> _WORK TO COMPLETE_
Using the listing below, set down exactly the lines from the one that contains "ऑर्थोगोनल बहुपद के" through the one that contains "Tilbud på Dansk aubergine fra Lidl til 7 kr.", with no pictures.

> _DATASET RECORDS_
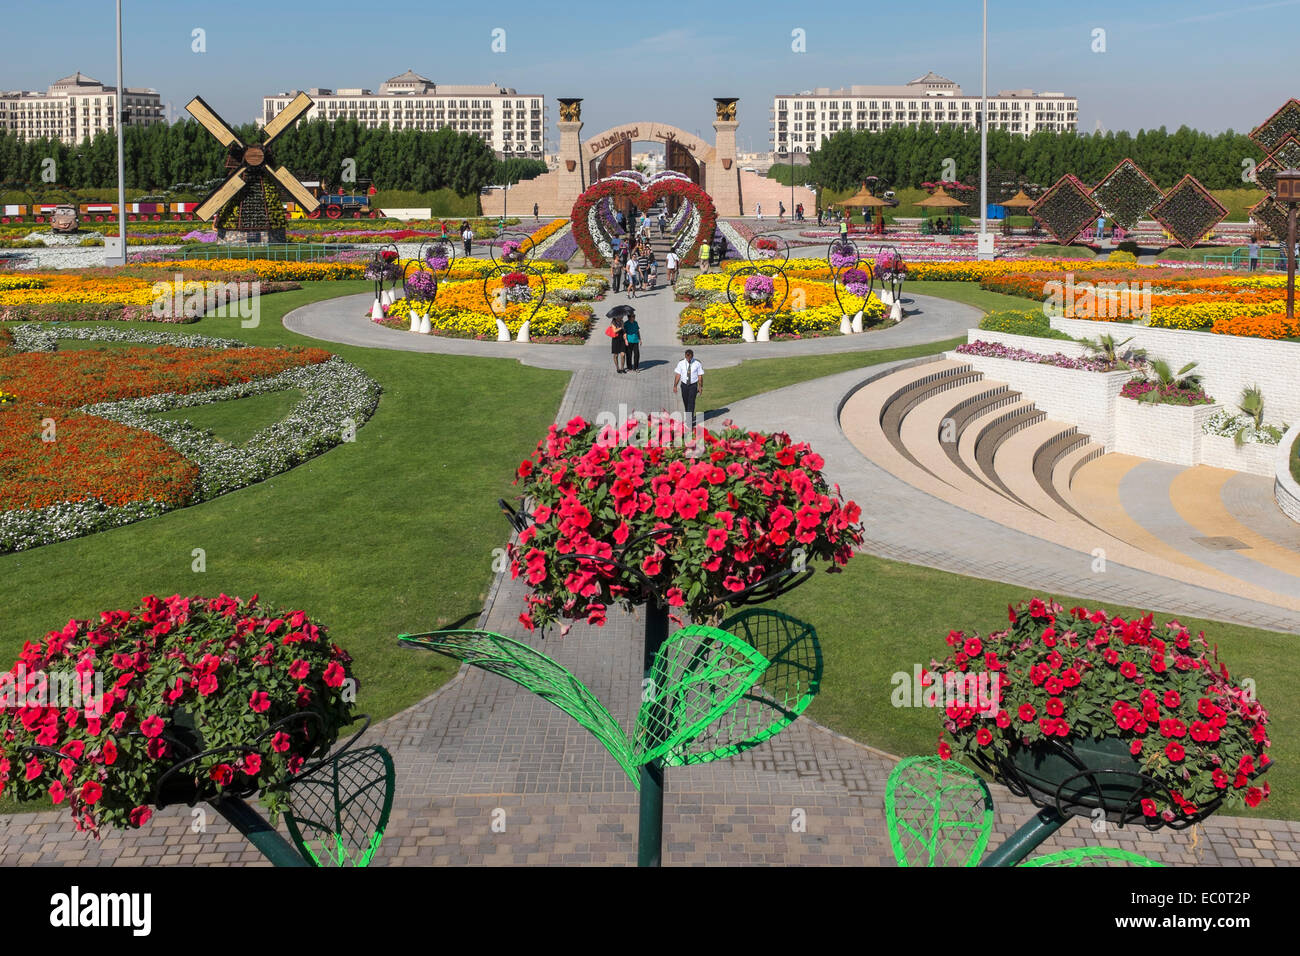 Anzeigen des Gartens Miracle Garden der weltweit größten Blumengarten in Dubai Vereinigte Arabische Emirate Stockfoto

--

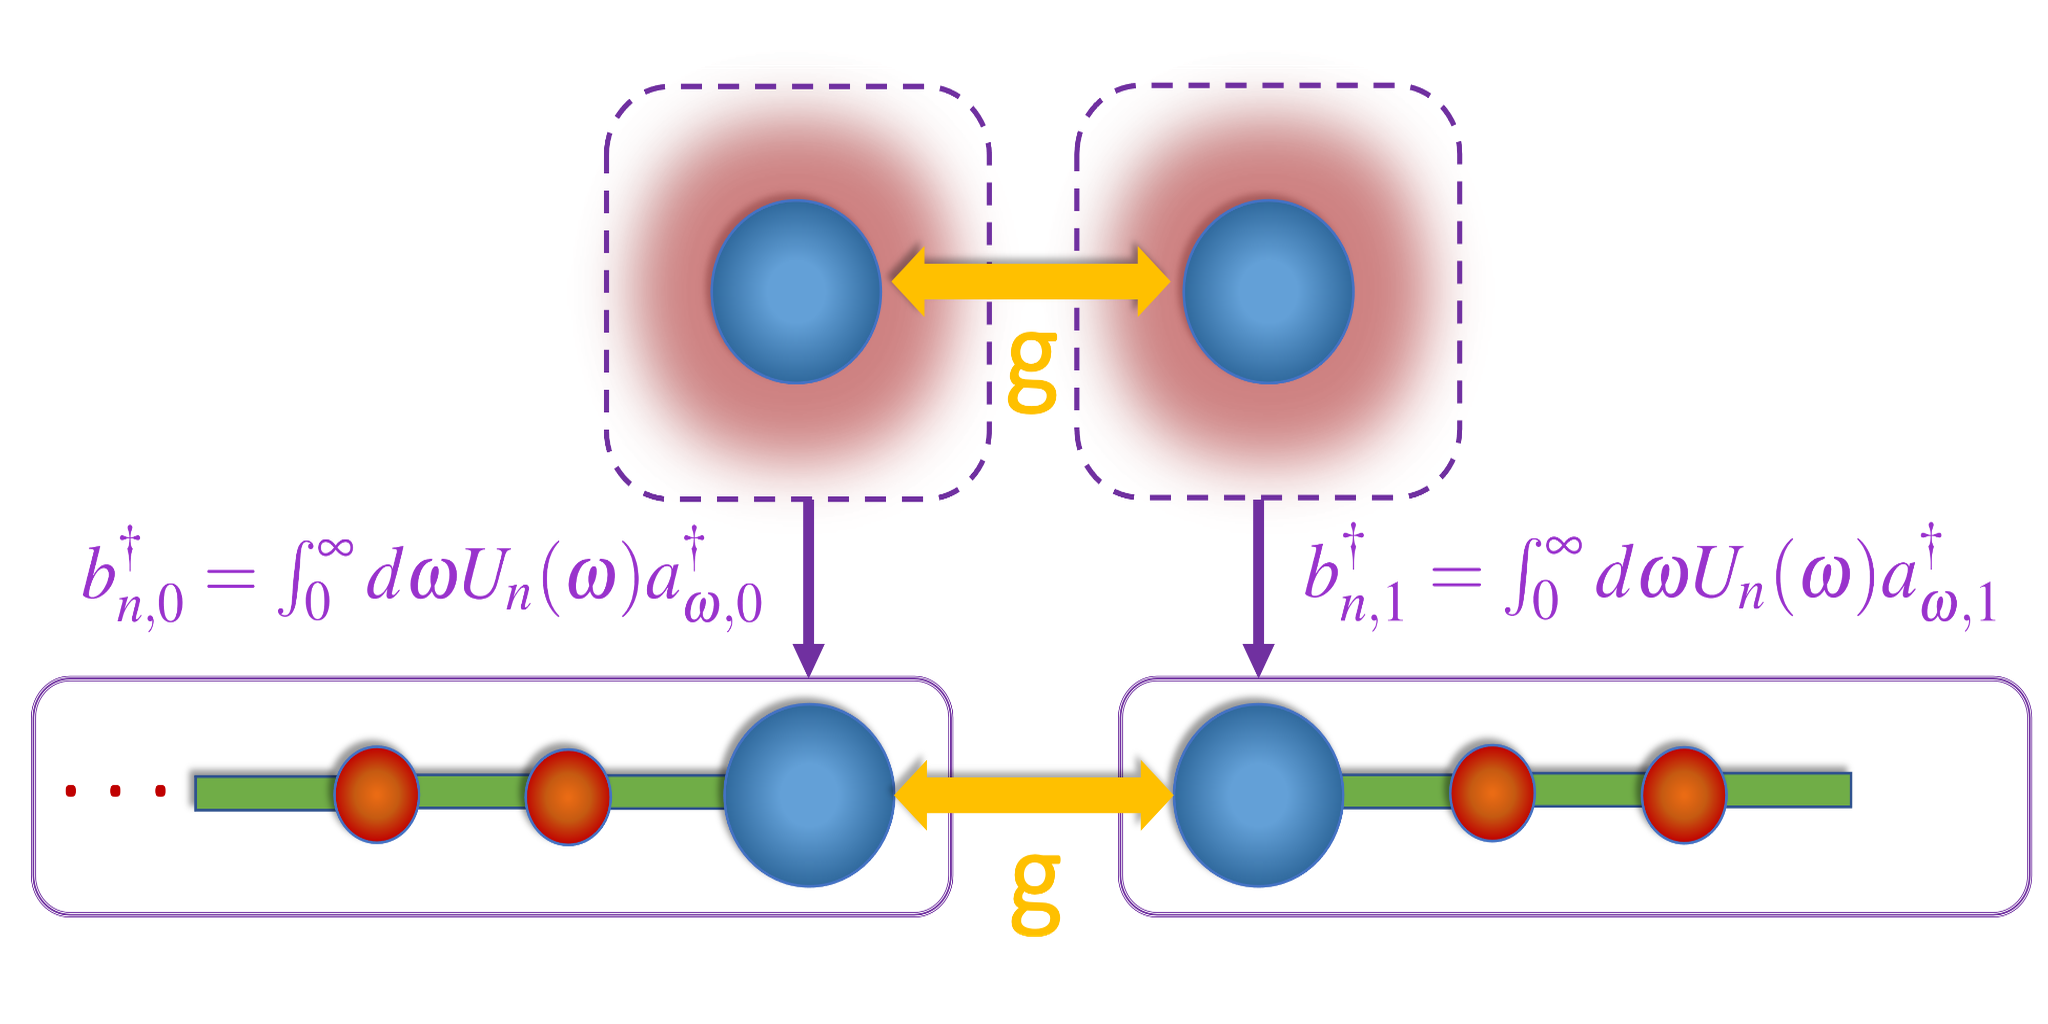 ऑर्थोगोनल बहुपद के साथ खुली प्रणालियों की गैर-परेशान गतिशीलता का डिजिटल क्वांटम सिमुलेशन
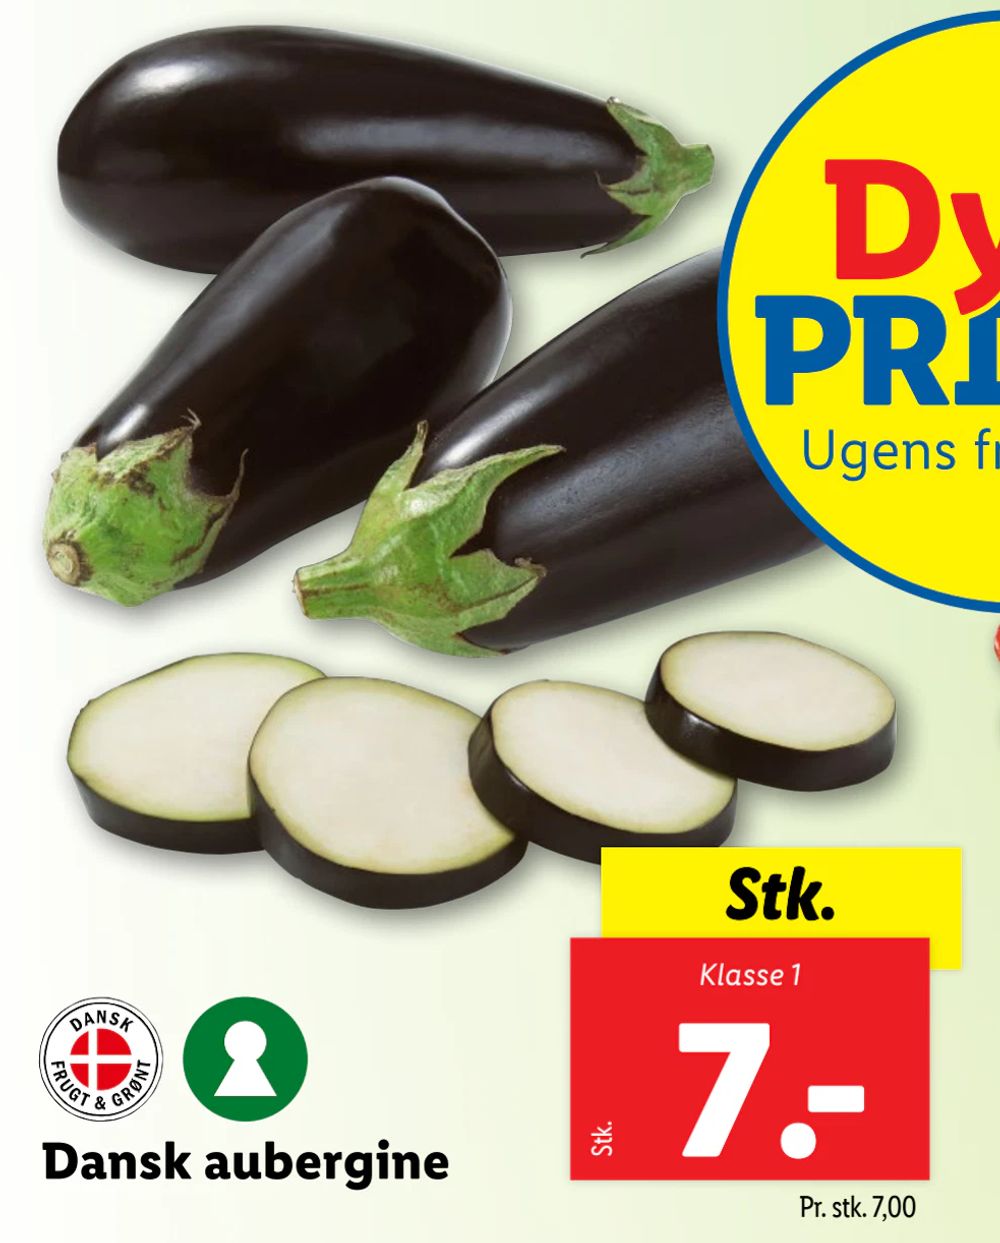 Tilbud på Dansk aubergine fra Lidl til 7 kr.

--

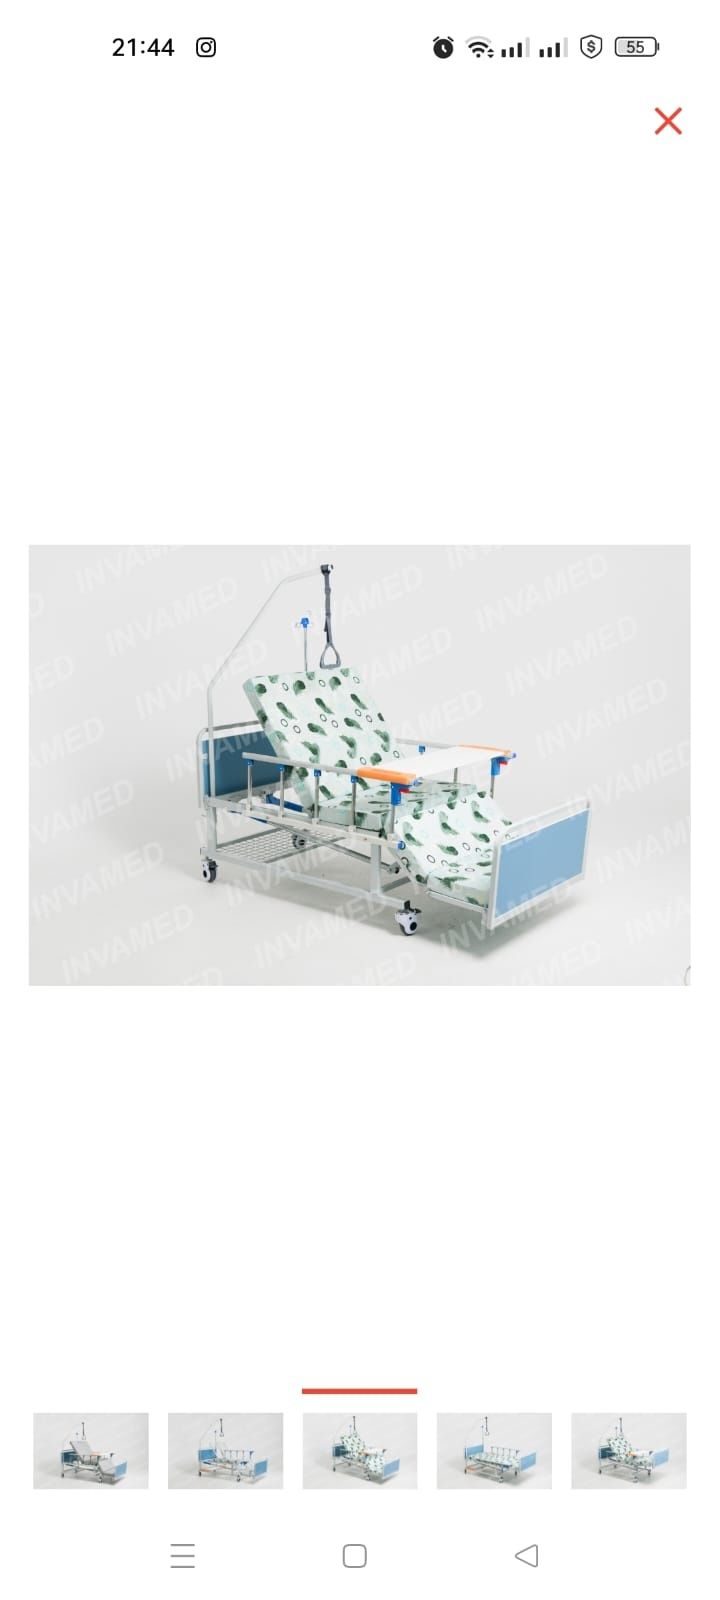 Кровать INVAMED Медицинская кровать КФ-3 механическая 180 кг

> _OUTPUT FOR THIS TASK_
 ऑर्थोगोनल बहुपद के साथ खुली प्रणालियों की गैर-परेशान गतिशीलता का डिजिटल क्वांटम सिमुलेशन
 Tilbud på Dansk aubergine fra Lidl til 7 kr.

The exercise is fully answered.